繁体
“可是,我本来想这个赖彻又有钱、又有势,人似乎也挺性格的,搞不好可以拯救你离开那个‘火坑’。”
芬淇骇笑道:“老天!你把我家比喻成‘火坑’啦?”
“当然。会为了聘金把女儿硬嫁给比她大二十几岁的老男人,不是推你入火坑,是什么?真没良心!”
“你放心,我死都不会嫁给那个又臭又老又肥的恶心鬼,她要真敢逼我嫁,新婚之夜,那姓林的要敢动我半根汗毛,我一定拿刀捅破他那个肥肚子…”芬淇眼露杀气,意志坚决。

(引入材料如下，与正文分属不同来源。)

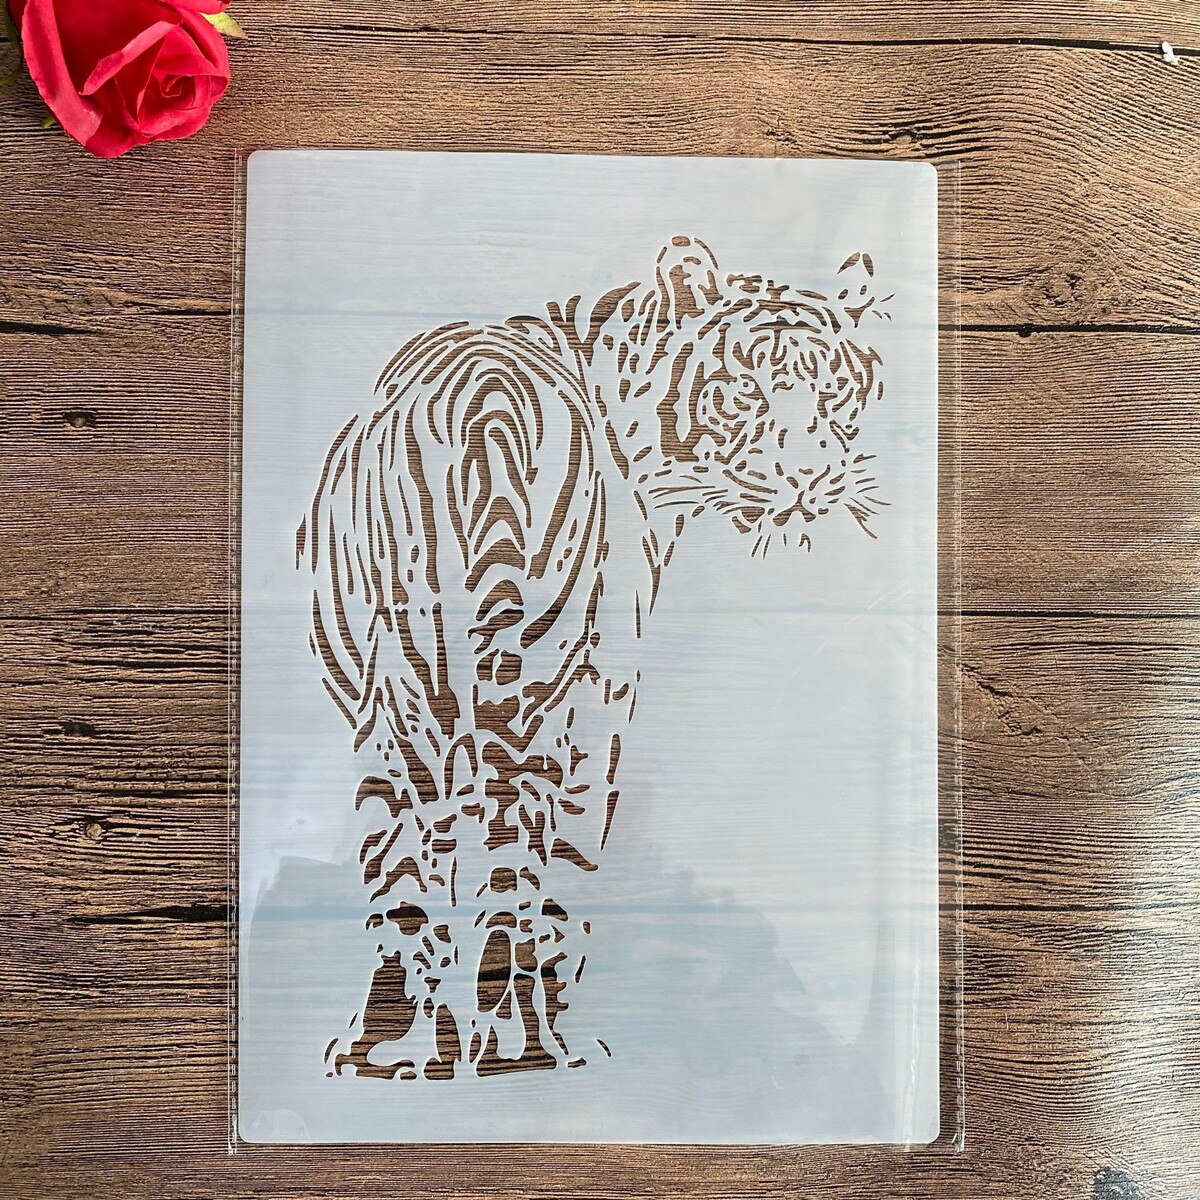 A4 size Stencil for Wall Painting Scrapbooking Stamp Album Decorative Embossing Craft Paper DIY Animal Tiger Stencils
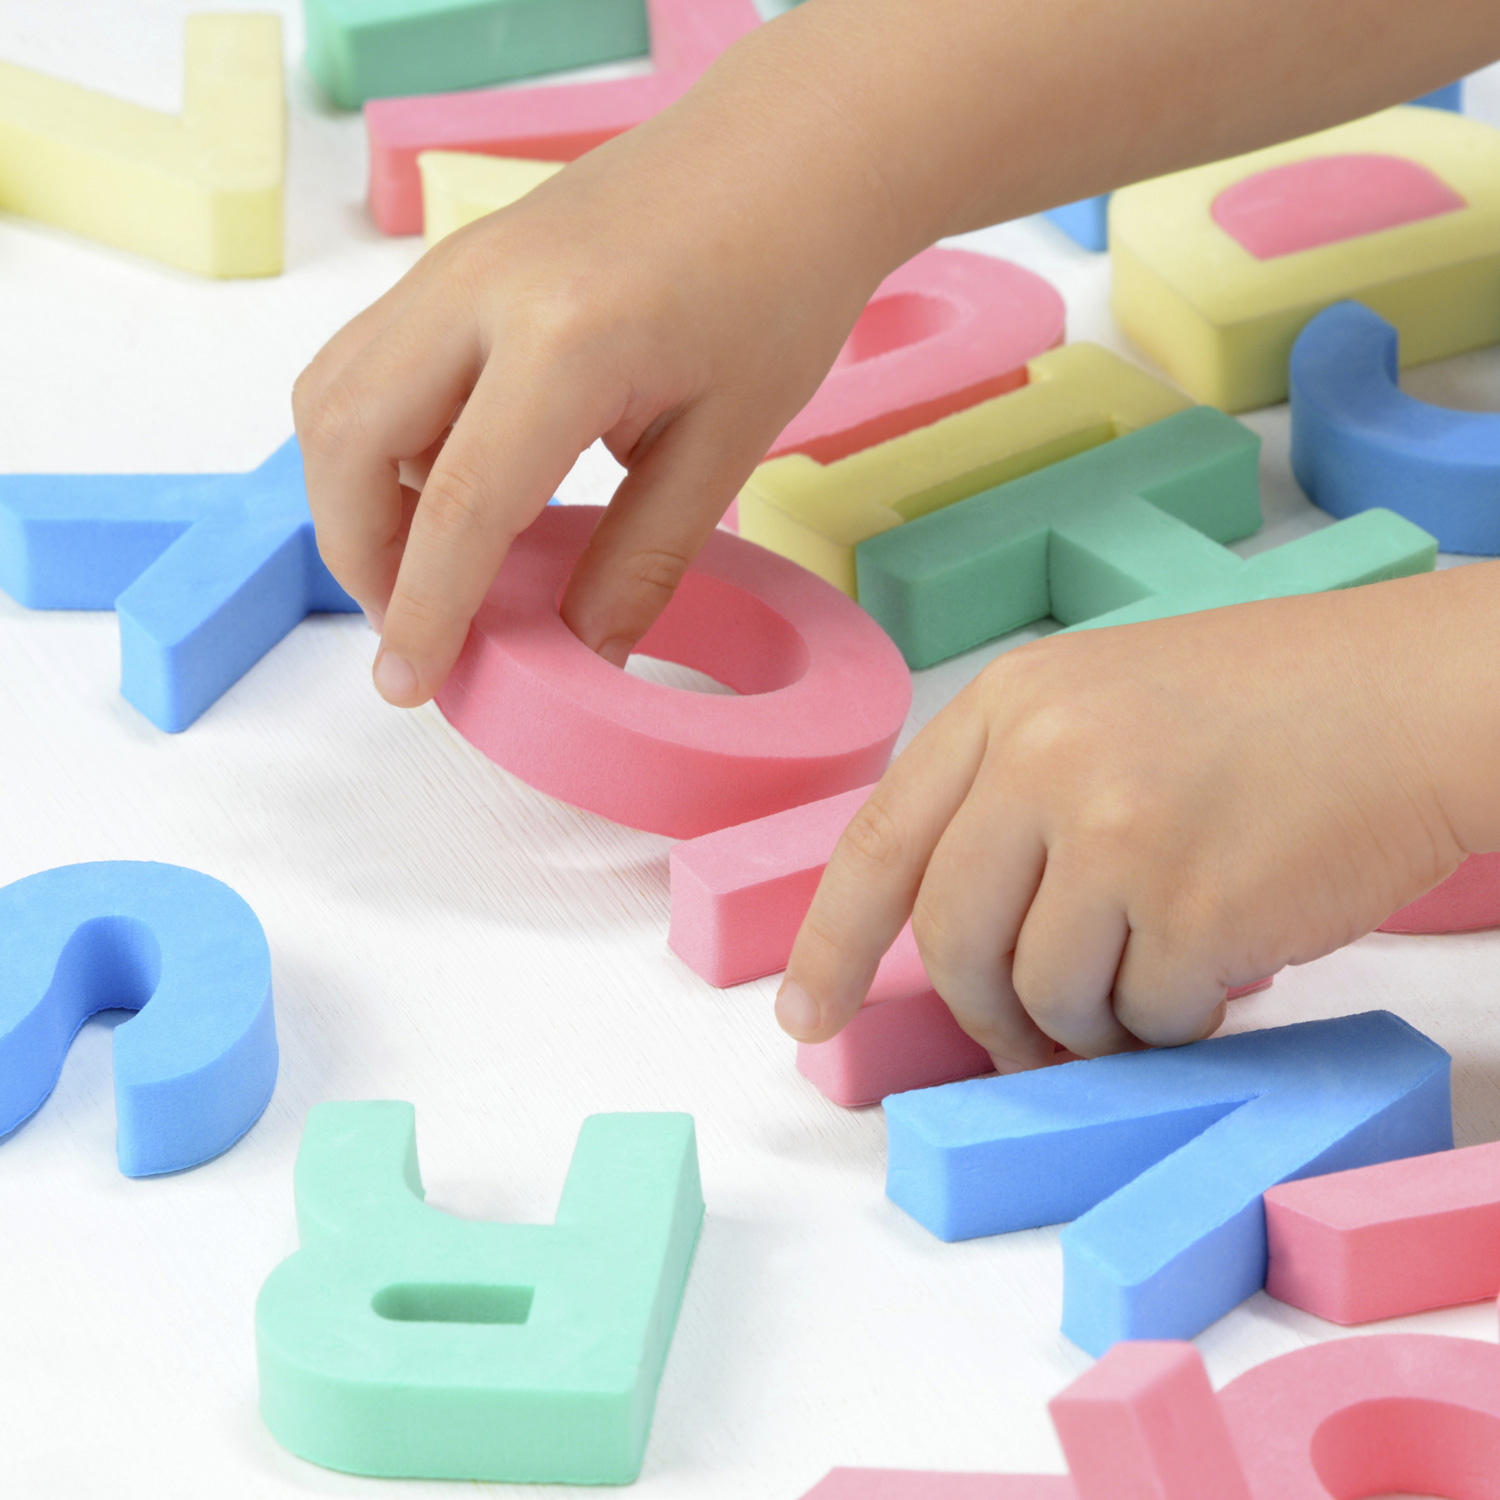 Help your toddler grow language skills with expert-developed activities.

王席真被她唬得一愣一愣地。“喂!你该不是要杀夫吧?”
“他最好别娶我,否则有他好受的。”她说到做到。
王席真双手合十,一派梦幻地说:“唉!要是赖彻能跳出来保护你,哇…那就太美丽了。”
“是很美,还美得冒泡咧!多大了?还作这种梦!?”芬淇笑骂她。
“嘿!我十七岁了,做白日梦是正常的,不像你,老婆婆!”她抗议道,结果被芬淇笑踢一脚。
两人又开始互相贬损起来,瞎闹着。
这种不必用大脑的打屁哈拉,起码令芬淇连日郁闷的心情好转了一些。
********
下午上课时,芬淇望向窗外终于放晴的天空。
是的,不该再去烦恼赖彻的事了,也不该再去找他,这样对两人都好。她默默下了决定。
就忘记他好了,日子可能回到从前那般空虚平淡,甚至无聊,但至少心情不会像坐云霄飞车般有太多起伏,搞得人精神疲惫、心力交瘁。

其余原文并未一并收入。